Conclusion : Method 2 Comparison method 1 More efficient , Not only io Less , And there's less homework . resolvent 1 in log Read twice ,jobs yes 2. resolvent 2 job The number is 1 . This optimization is not valid id ( such as -99 , ’’, null etc. ) The resulting tilt problem . Put the null key It becomes a string plus a random number , You can divide the slanted data into different reduce On , Solve data skew .

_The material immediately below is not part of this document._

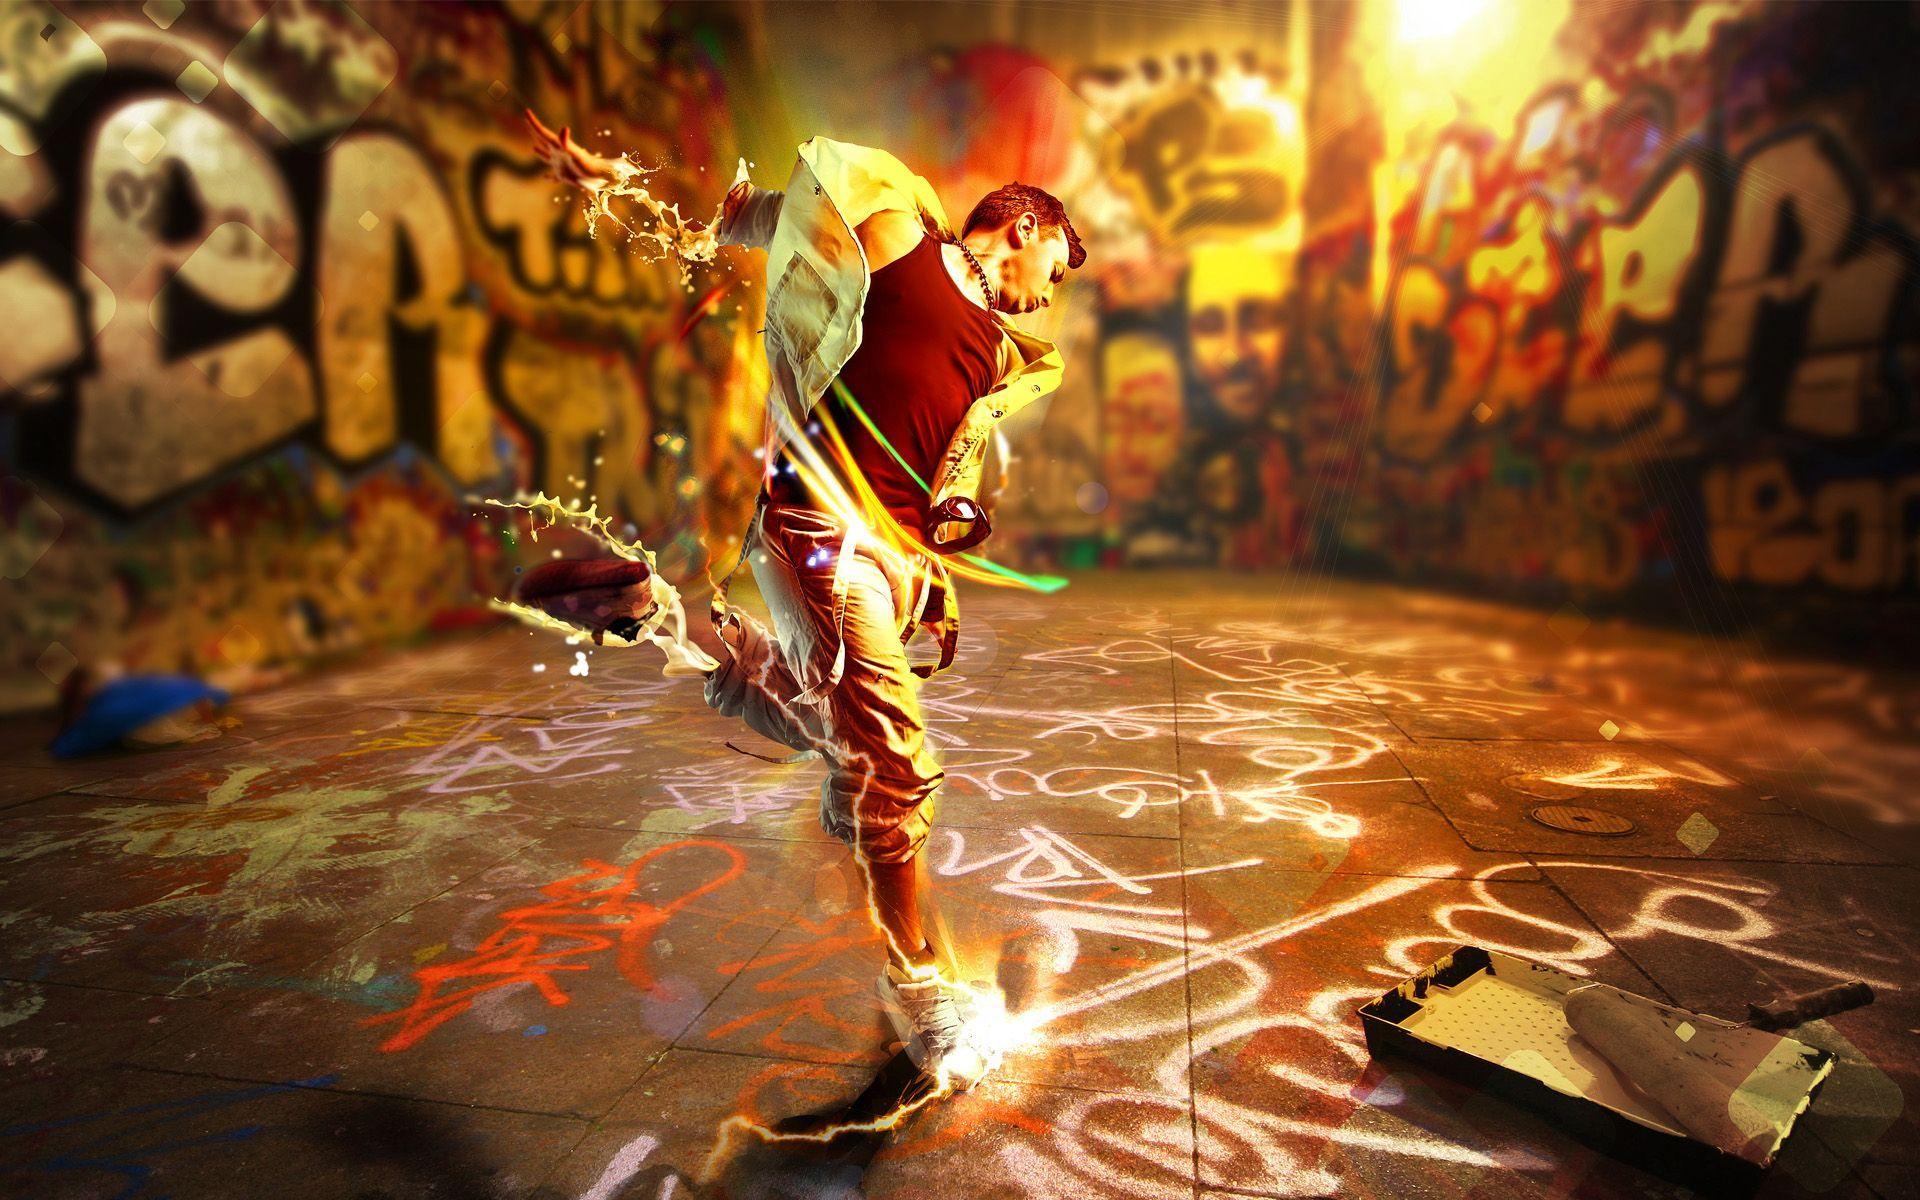 Rock On The Dance Floor. HD Dance and Music Wallpaper for Mobile

3.2 Data skew is generated by association of different data types
scene : In the user table user_id Field is int,log In the table user_id The fields already have string There are also types of int type . When according to user_id Make two tables Join In operation , default Hash Operation will press int Type id To distribute , This will lead to all string type id All of the records are assigned to a Reducer in .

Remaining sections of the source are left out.